Field of the Invention
The present invention relates to a bowing measurement method and apparatus for measuring the amount of bowing of a silicon substrate, a sapphire substrate, and other single-crystal substrates.
Description of the Related Art
In recent years, attention has been directed toward GaN (gallium nitride), AlN (aluminum nitride), SiC (silicon carbide), and other wide-bandgap semiconductor materials. For example, the following semiconductor parts have been receiving attention:
(1) A part used in an LED (light emitting diode) and formed of a single-crystal structure made of GaN deposited on a single-crystal sapphire substrate (GaN/sapphire);
(2) A part used in a power device and formed of a single-crystal structure made of GaN deposited on a single-crystal silicon (Si) substrate (GaN/Si);
(3) A part used in a frequency filler that is an SAW (surface acoustic wave) device and formed of a single-crystal structure made of AlN deposited on a single-crystal Si substrate (AlN/Si); and
(4) A part used in a power device and formed of a single-crystal structure made of SiC deposited on an appropriate single-crystal substrate.

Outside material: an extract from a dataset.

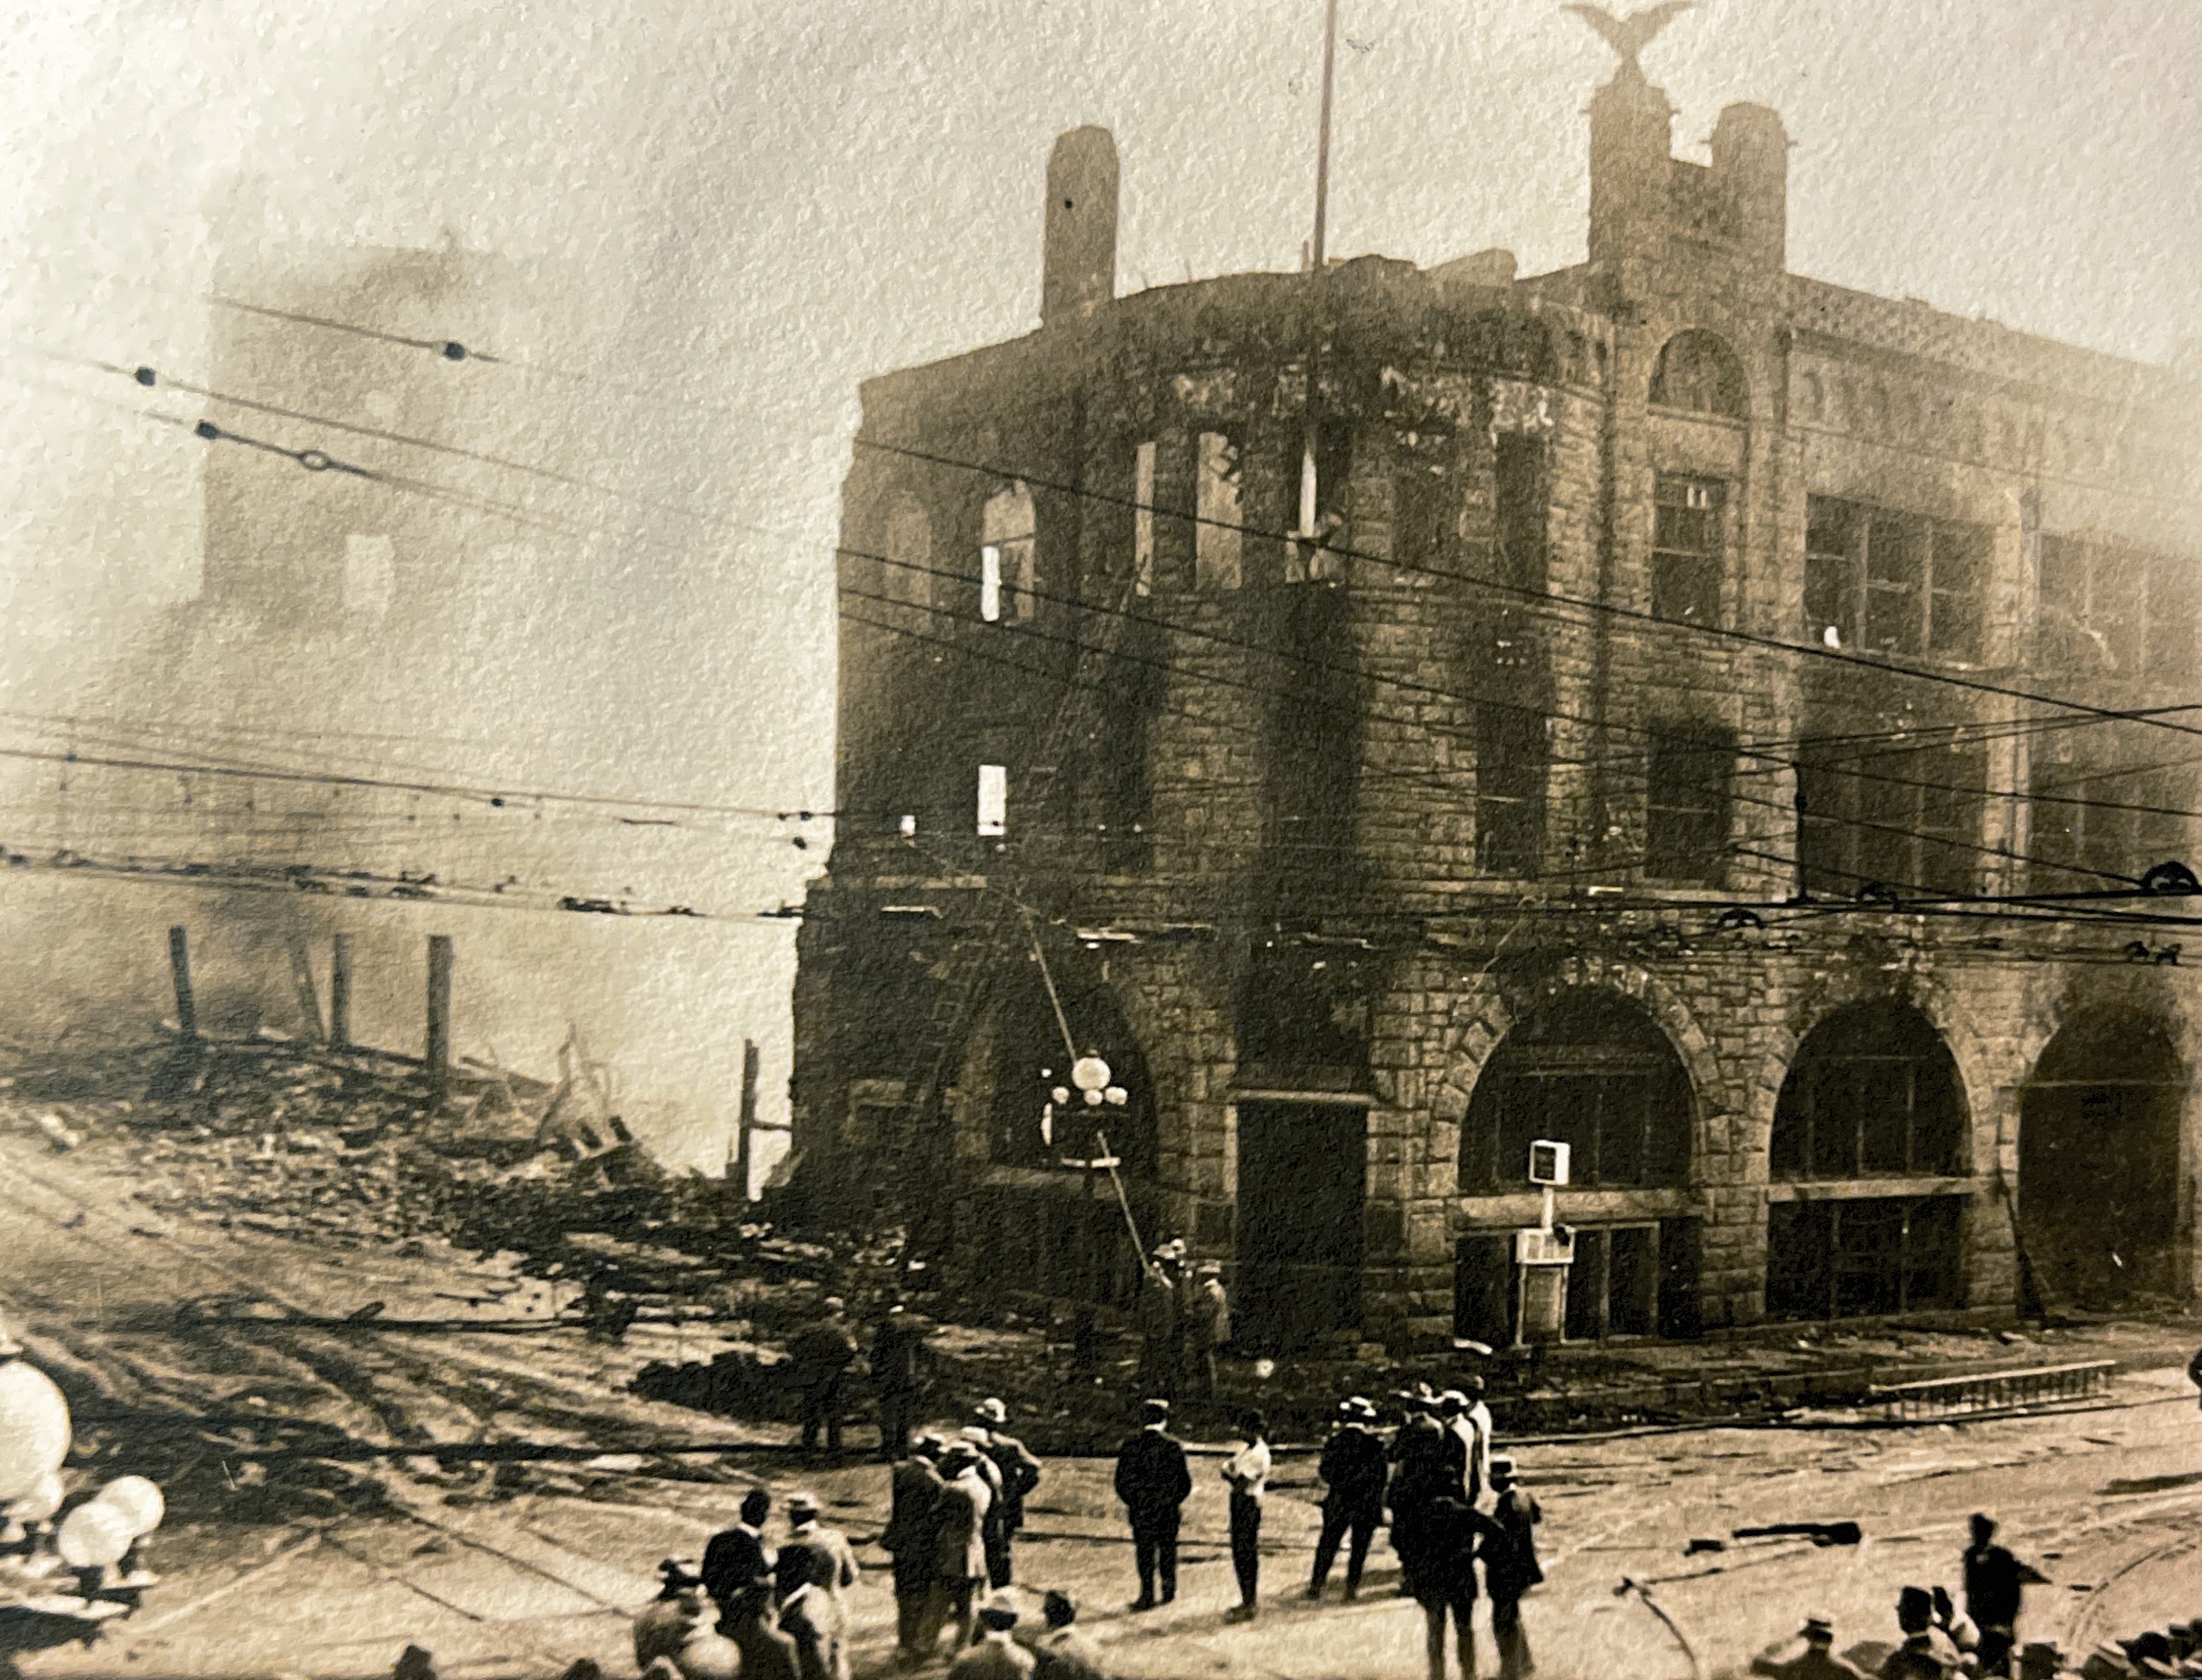 Smoking ruins of the Times Building. Taken October 1st 1910, a few hours after the explosion which caused the loss of so many lives.

A single-crystal structure made of a semiconductor material or any other material deposited on a single-crystal substrate as described above desirably has a precisely flat surface. In practice, however, a crystal growth process or an epitaxial film formation process causes a single-crystal substrate to have bowing in some cases. When the single-crystal substrate has bowing, the bowing may affect device characteristics of a final product and cause a problem in using a process technology for manufacturing a final product (that is, technology for forming a variety of elements on a substrate).
Since whether or not a single-crystal substrate has bowing greatly affects characteristics of a final product manufactured based on the single-crystal substrate, it is very important to evaluate the amount of bowing.
A laser-beam-based method has been known as a method for measuring the amount of bowing of a single-crystal substrate (Non-Patent Citation 1, for example). The method includes irradiating a specimen surface with a plurality of collimated laser beams, measuring the position of each of the laser beams reflected off the specimen surface, and evaluating the amount of bowing of the specimen based on the distribution of the positions. In the conventional laser-beam-based method for measuring the amount of bowing, however, the exterior appearance of a target object is observed, but the amount of bowing of a crystal lattice plane of a single-crystal substrate is not measured.
As a method that allows measurement of the amount of bowing itself of a crystal plane, Patent Citations 1 and 2, for example, disclose conventional X-ray-based measurement methods. The conventional measurement methods include the steps of irradiating a surface of a target object with X-rays in a position under measurement to acquire a rocking curve and determining a peak position of the rocking curve. The methods further include moving the X-rays and the target object relative to each other and carrying out the same steps on one or more positions under measurement to determine a peak position of a rocking curve in each of the positions under measurement. The methods finally include calculating the curvature radius (that is, the amount of bowing) of the single-crystal substrate based on how the peak position of the rocking curve changes when the position under measurement is changed.
FIG. 11A shows an example of the relationship between the bowing and the curvature radius. Specifically, the amount of bowing is the distance C from the line that connects both ends of a measured area A of a single-crystal substrate 101. The horizontal axes of FIGS. 11B and 11C represent the curvature radius R corresponding to the bowing C. In FIGS. 11B and 11C, the vertical axes represent the amount of bowing C, and the horizontal axes represent the curvature radius R.